En janvier, l’université d’Artois ouvre son semestre culturel par une thématique essentielle et profondément actuelle : la mémoire et la transmission. À travers une exposition, un atelier de pratique artistique et une projection de film, il s’agit d’interroger ce que nous héritons, ce que nous choisissons de raconter, et ce que l’oubli produit lorsqu’il s’installe.
À l’heure où, sur plusieurs scènes politiques internationales, des discours de repli, de réécriture de l’histoire et de banalisation des violences refont surface, se souvenir devient un acte culturel et citoyen. La mémoire n’est pas un regard figé vers le passé : elle est un outil critique pour comprendre le présent et éclairer l’avenir.
Rendre visibles les traces effacées
Avec l’exposition « Stratégie de l'effacement », l’université propose une réflexion sensible et politique sur ce qui disparaît des récits dominants. Qu’il s’agisse de mémoires individuelles, collectives, sociales ou historiques, l’effacement n’est jamais neutre. Il interroge les rapports de pouvoir, les silences imposés et les traces que l’on choisit – ou non – de conserver.
L’exposition invite à regarder autrement : à prêter attention aux absences, aux marges, aux fragments.
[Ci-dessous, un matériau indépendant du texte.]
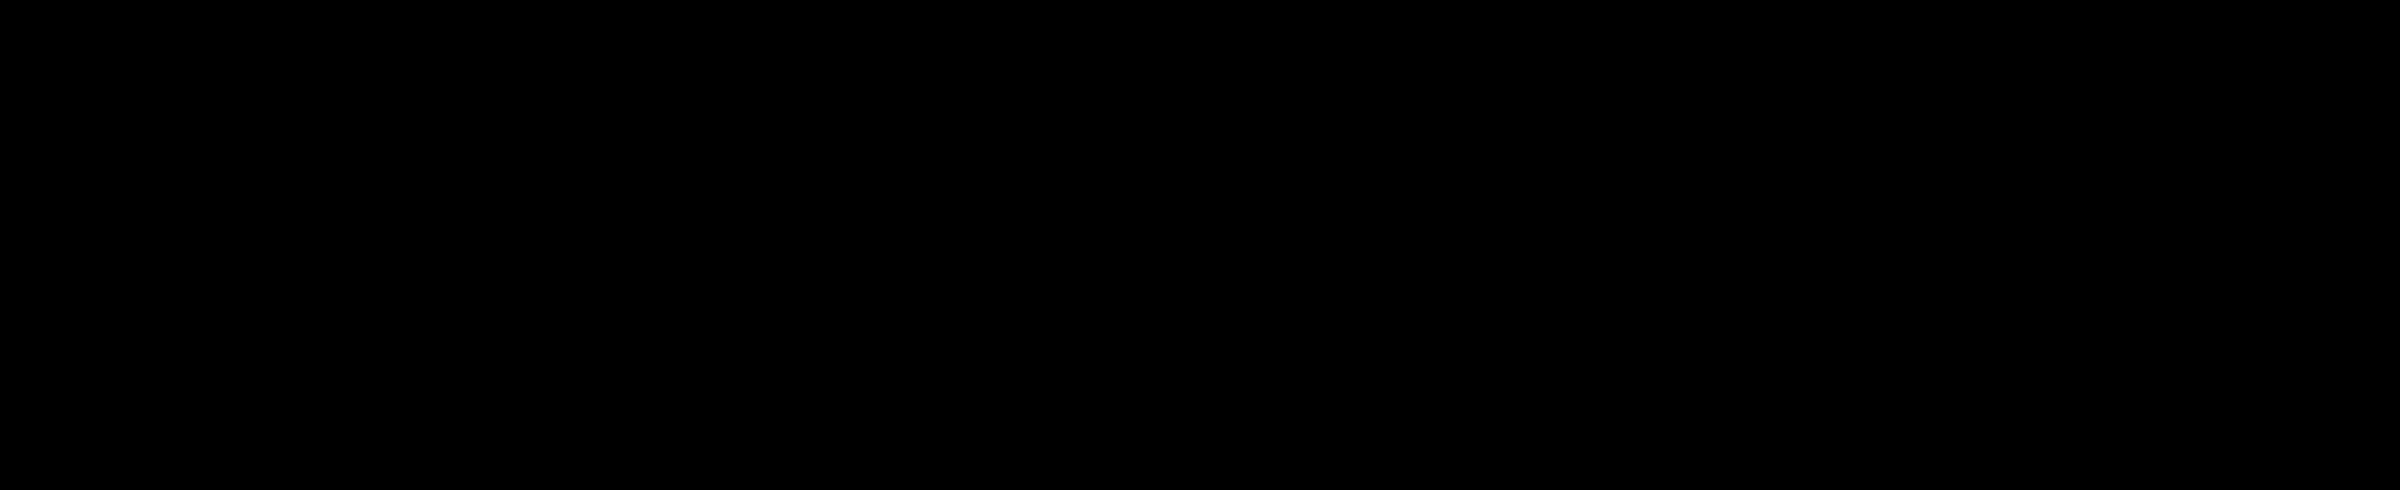 New York Times Logo PNG Transparent & SVG Vector.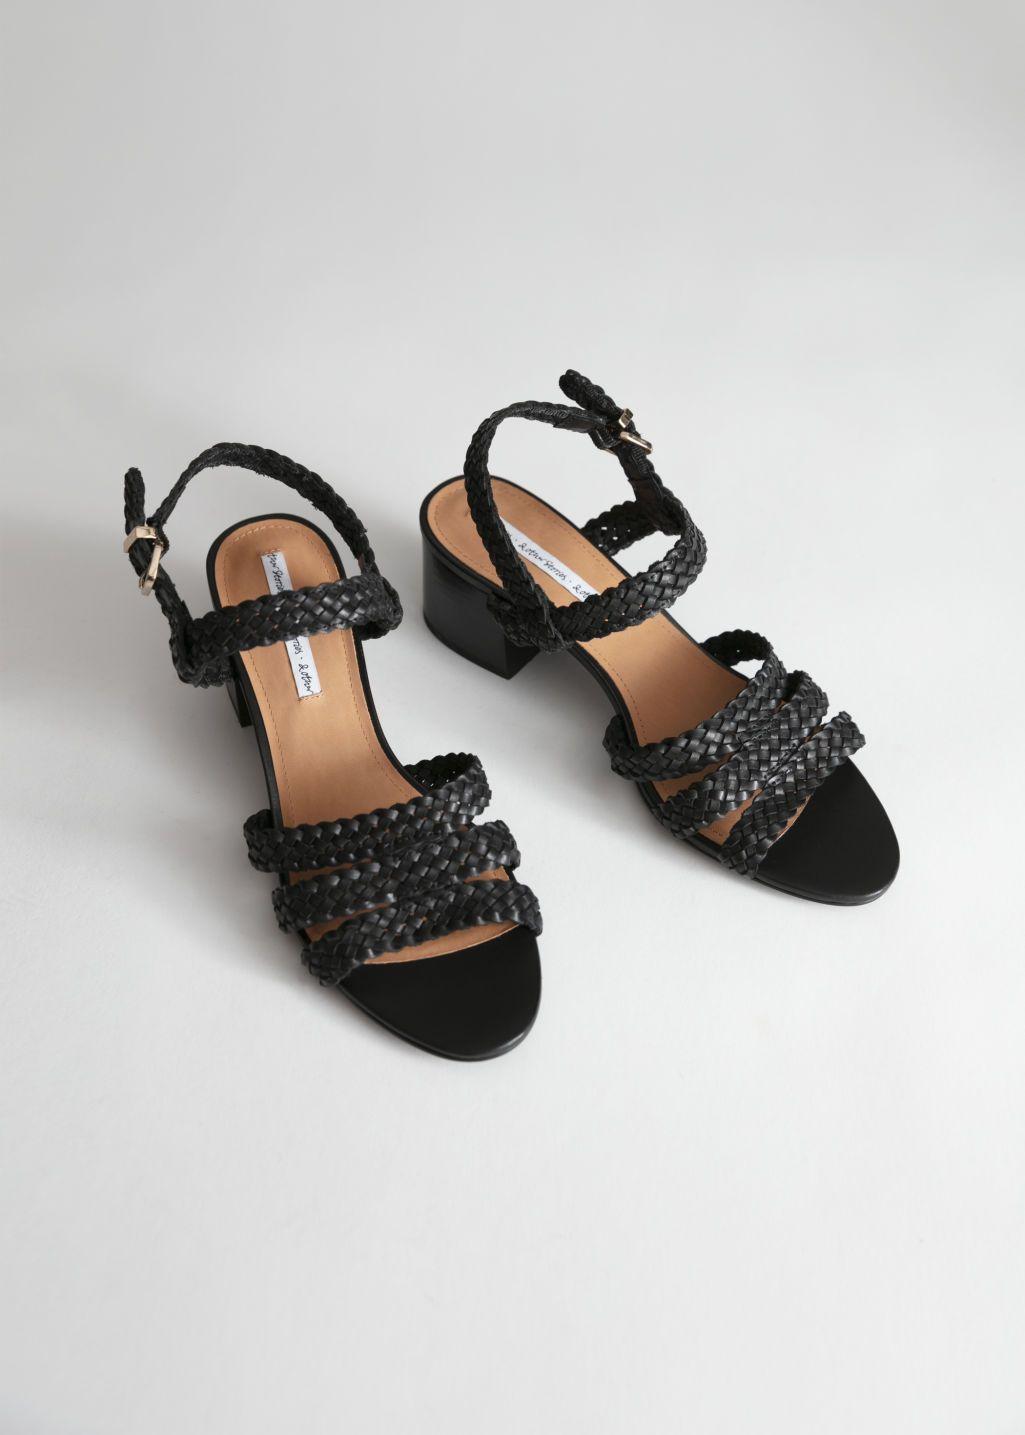 36f47ab1832 Braided Trio Strap Heeled Sandals in 2019 | clothing | Strap heels ...

Elle rappelle que transmettre, c’est aussi refuser l’invisibilisation et redonner une place à ce qui a été tenu à l’écart.
Créer pour transmettre
La mémoire ne se conserve pas uniquement dans les archives : elle circule aussi par les gestes, les images et la création. L'atelier de dessin, collage, sérigraphie, tampons et copies propose d’explorer ces questions par la pratique artistique.
En manipulant des techniques liées à la reproduction et à la trace, les participant·es sont invité·es à réfléchir à la notion d’original, de copie, de répétition et de transformation. Que transmet-on lorsqu’on reproduit une image ? Que reste-t-il d’un souvenir lorsqu’il est transformé par le temps, le regard ou le geste artistique ?
Cet atelier se veut un espace de transmission active, où l’on fabrique du sens autant que des images.
Le cinéma comme passeur d’histoire
Avec la projection du film « Josep », le cinéma devient un puissant vecteur de mémoire. À travers le destin de Josep Bartolí, dessinateur et combattant antifasciste, le film rappelle l’histoire de l’exil, de l’enfermement et de la résistance face aux régimes autoritaires.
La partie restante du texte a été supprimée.